**The task**
Transcribe the data as written, minus images.

**Supplied data**
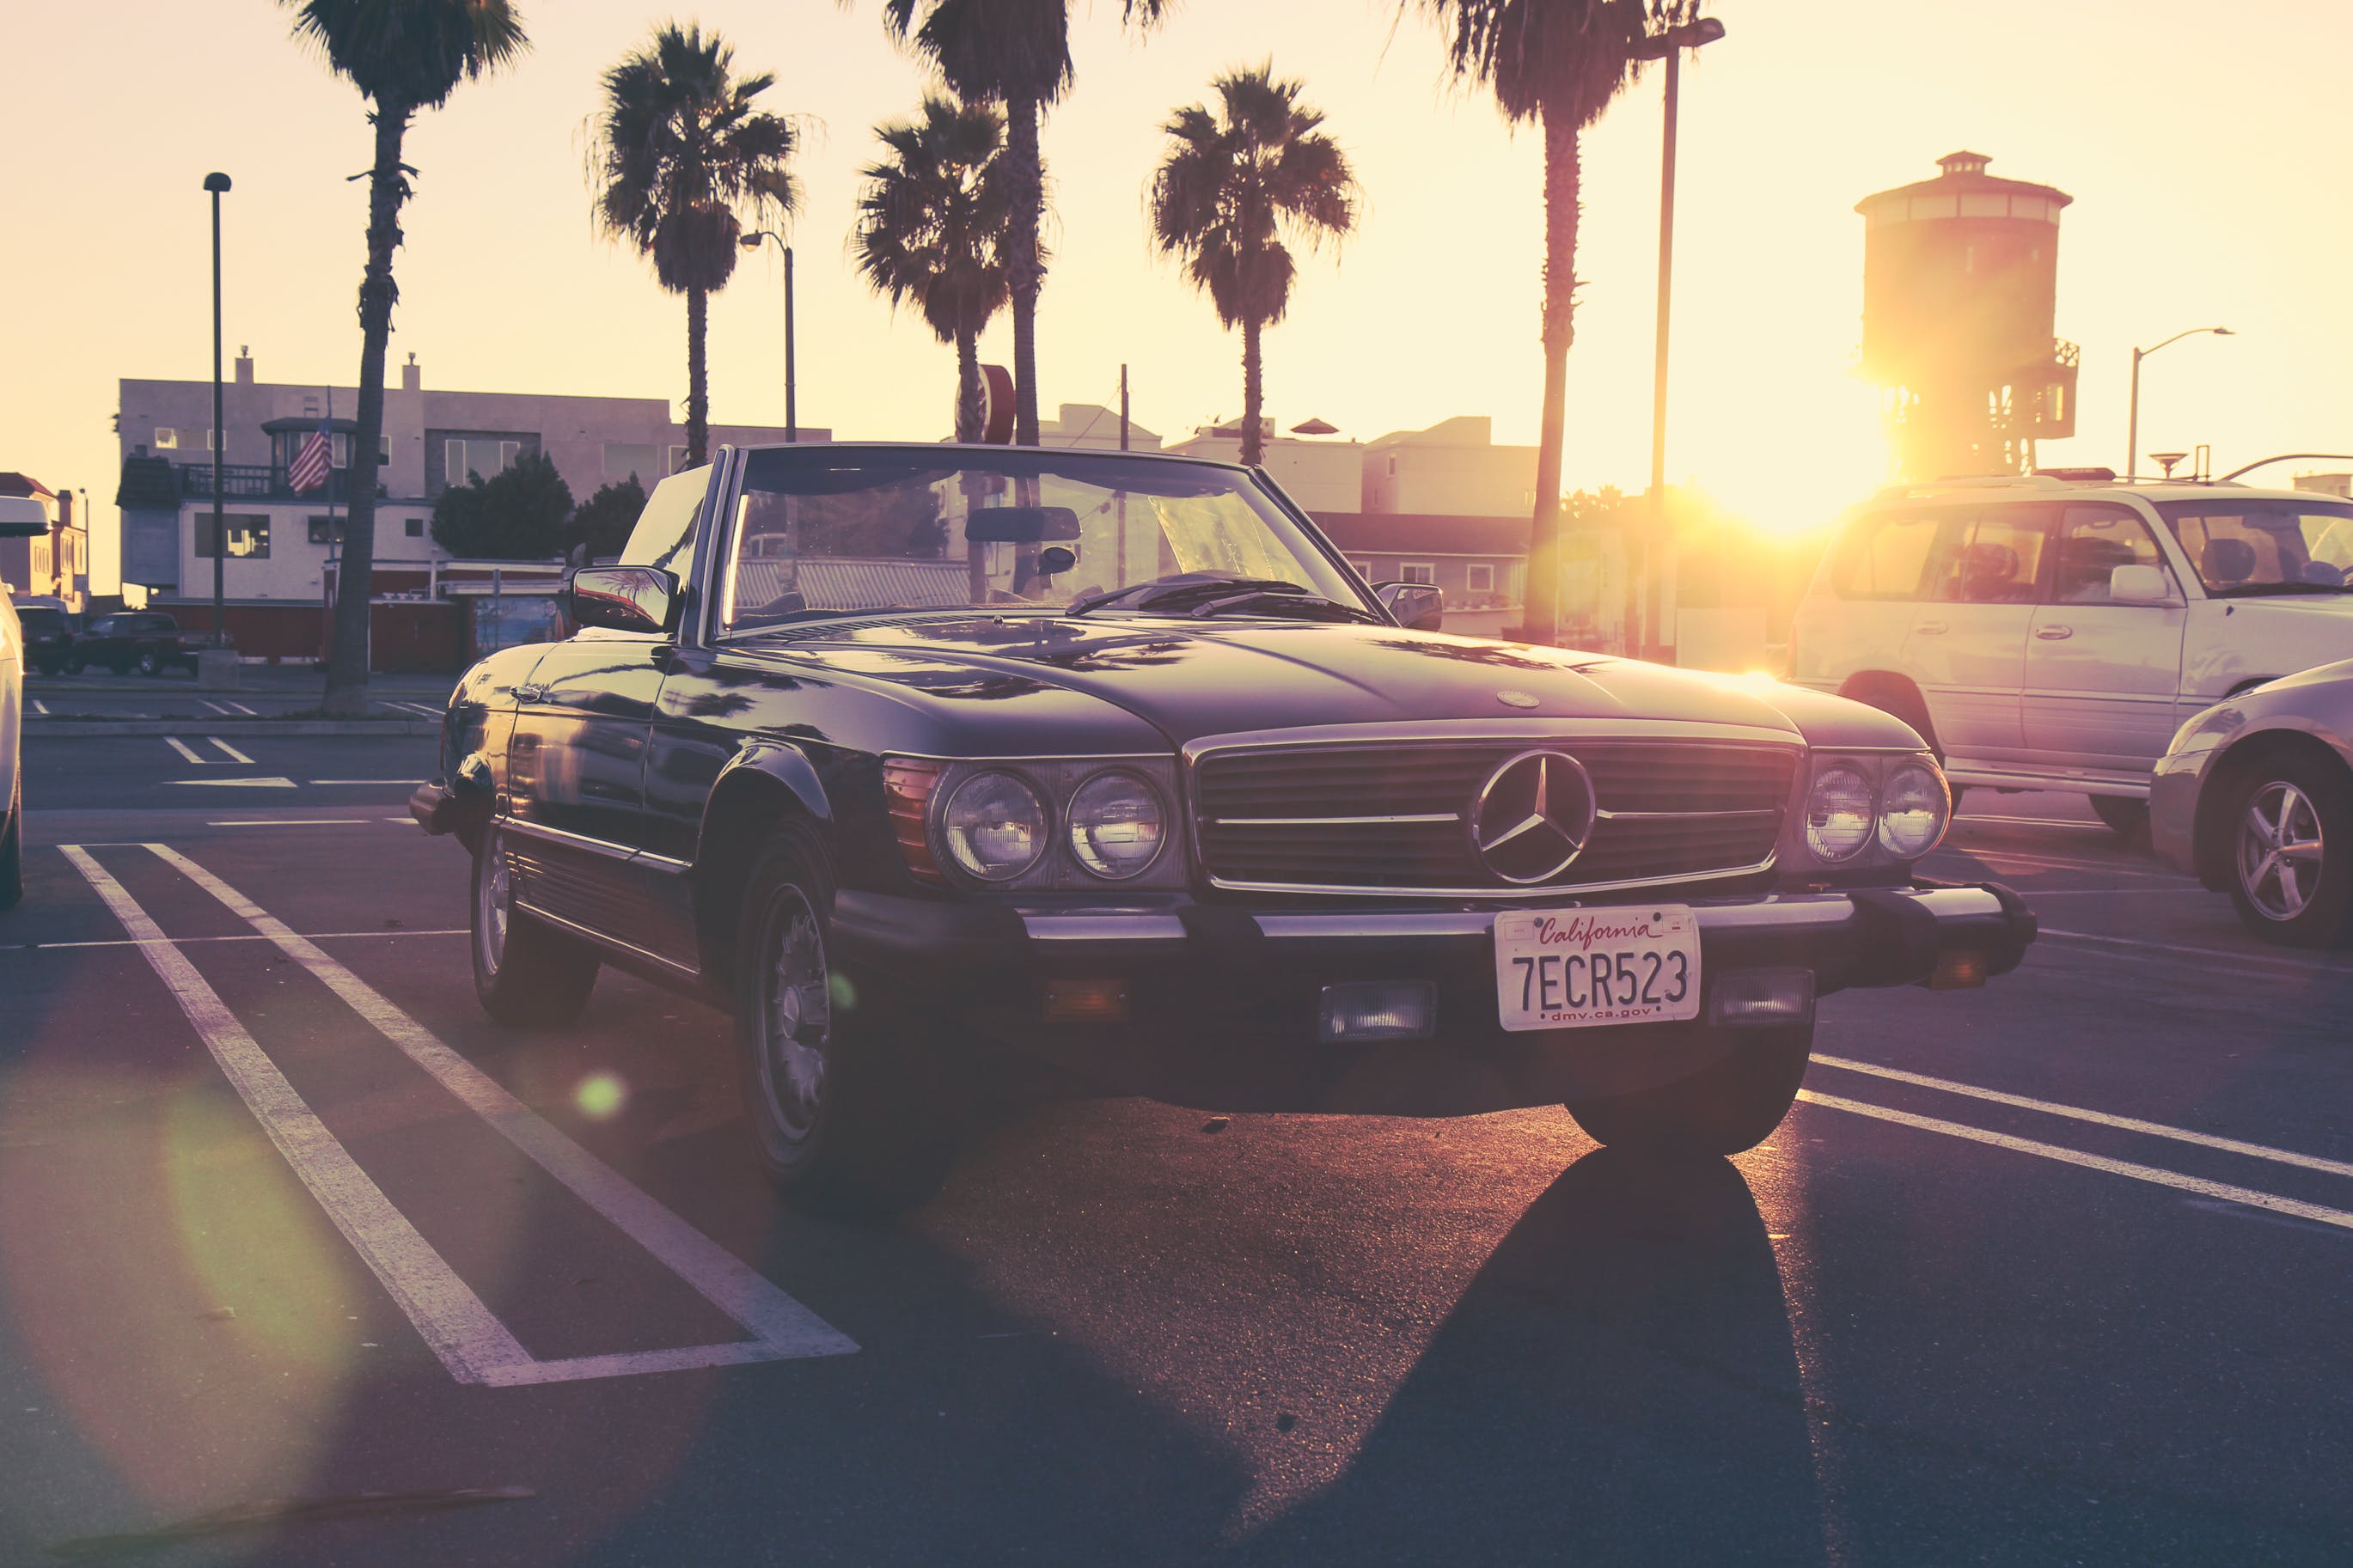 Black Mercedes-benz Car at the Parking Lot
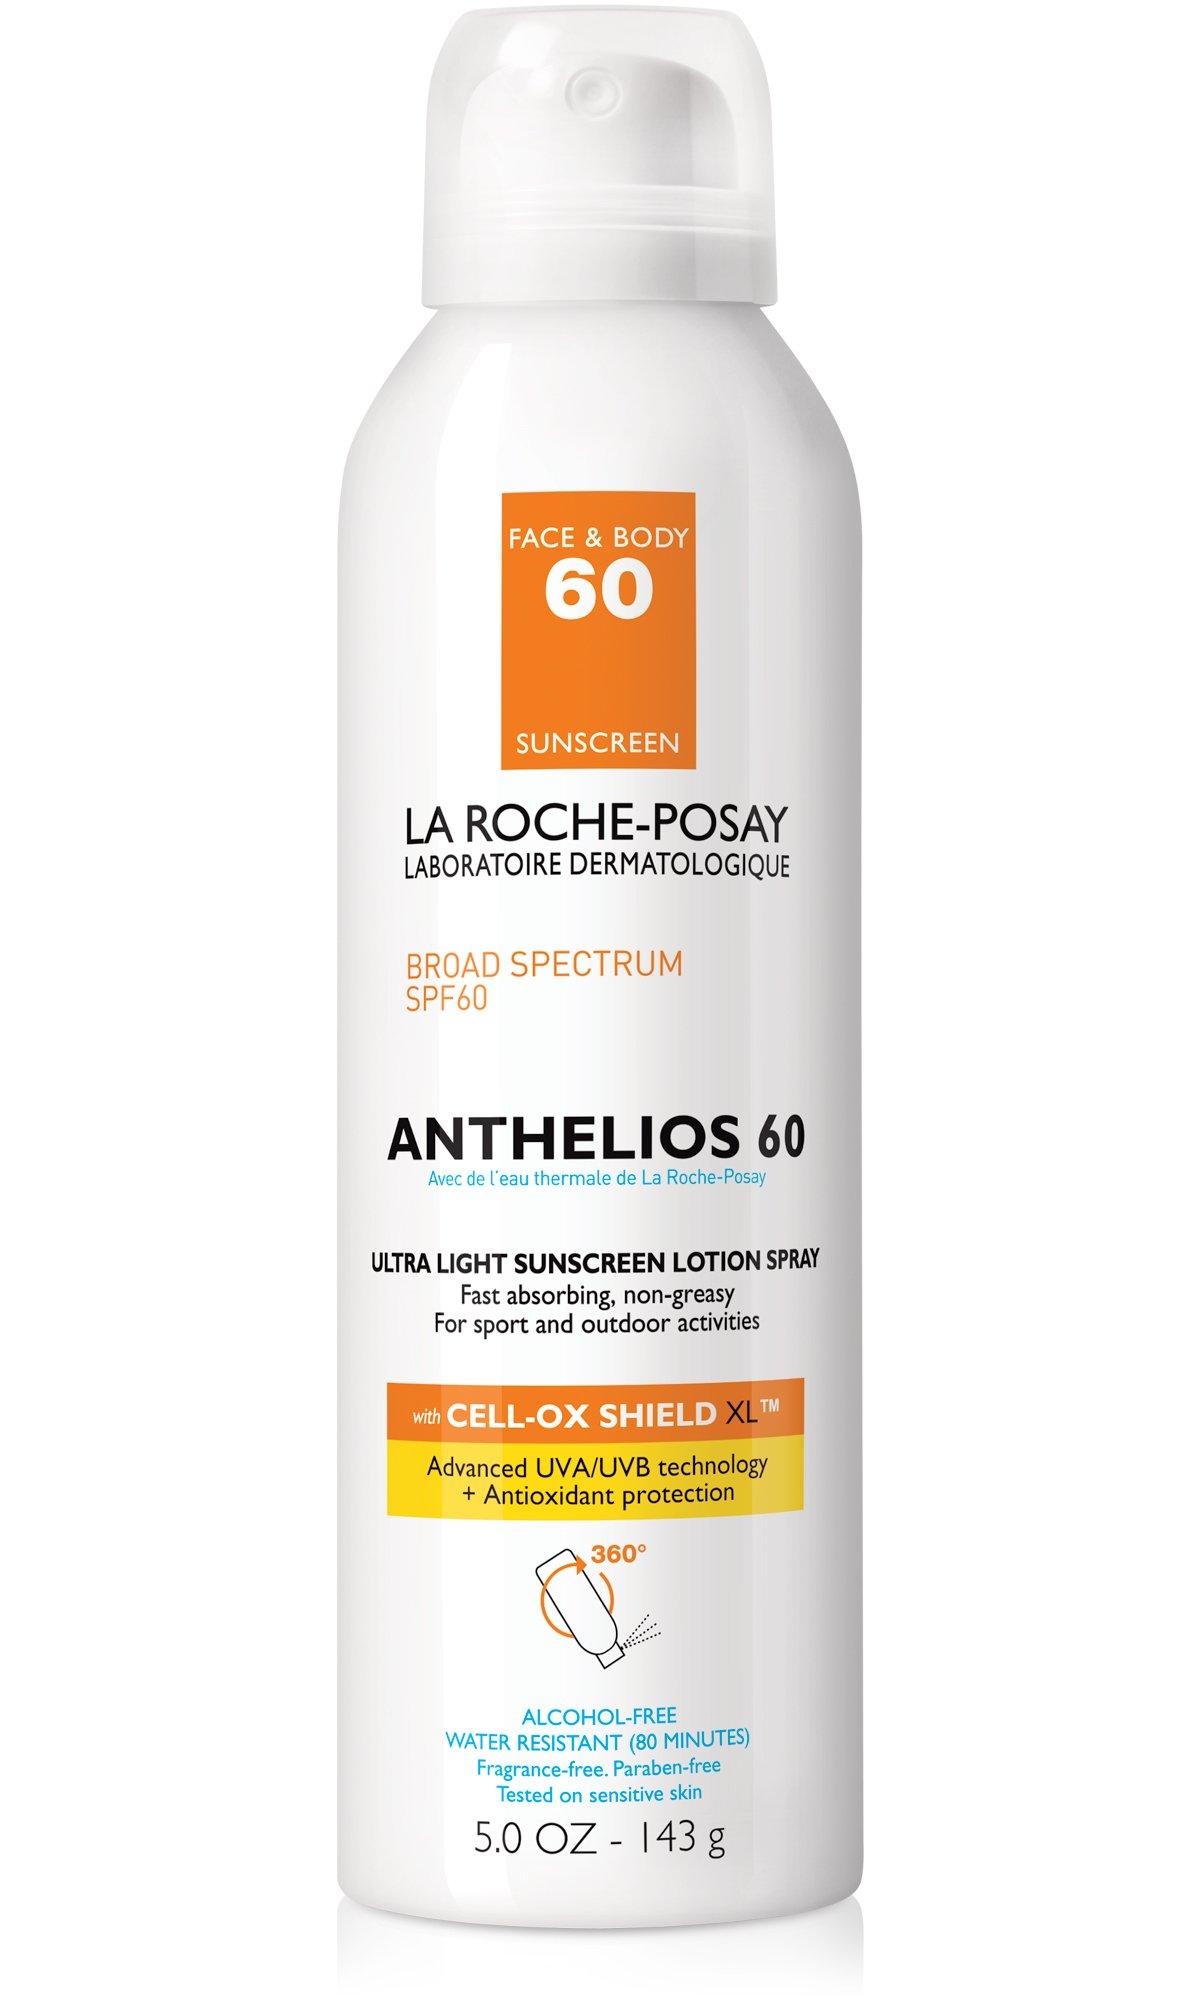 La Roche-Posay Anthelios Ultra-Light Sunscreen Spray Lotion SPF 60, 5 Fl. Oz. by La Roche-Posay
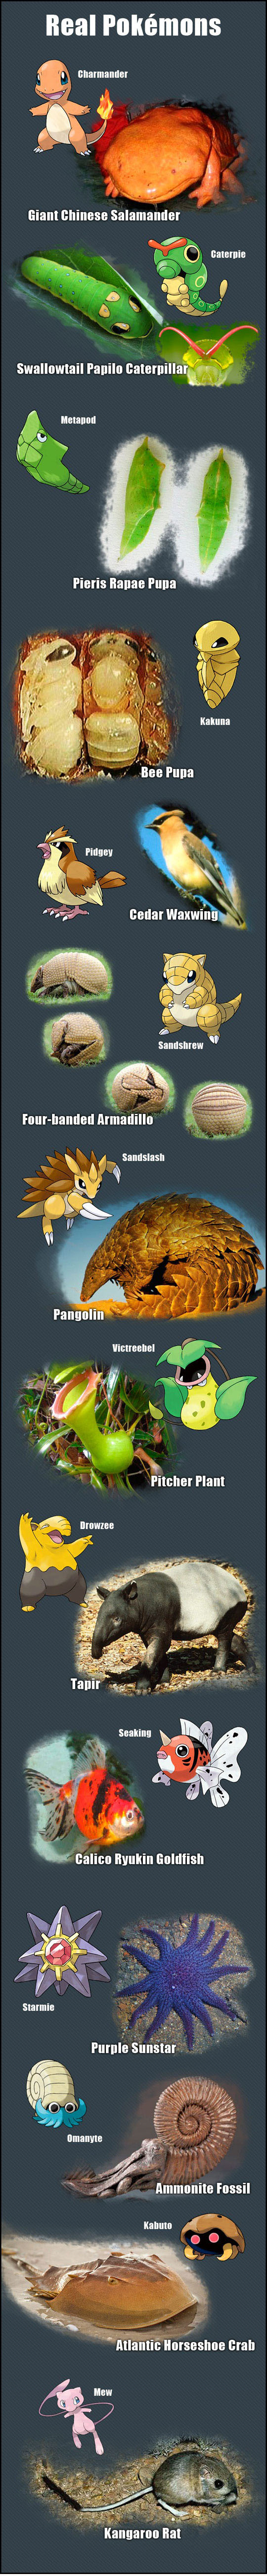 Real world Pokemon
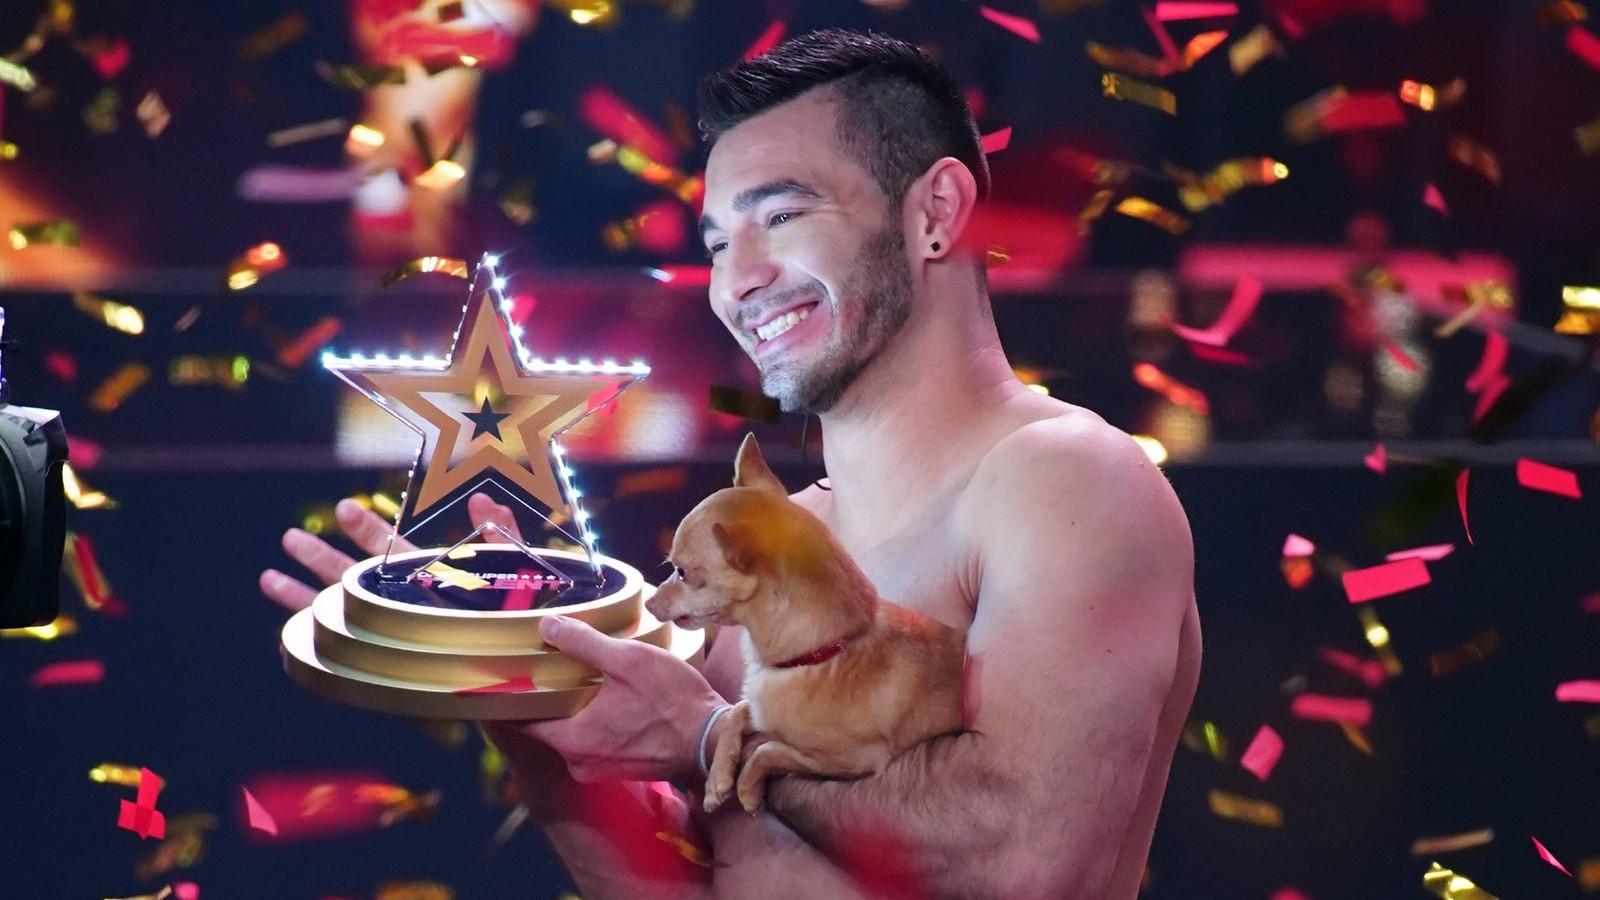 Christian und Hund Percy

**Exercise solution**
 Black Mercedes-benz Car at the Parking Lot
 La Roche-Posay Anthelios Ultra-Light Sunscreen Spray Lotion SPF 60, 5 Fl. Oz. by La Roche-Posay
 Real world Pokemon
 Christian und Hund Percy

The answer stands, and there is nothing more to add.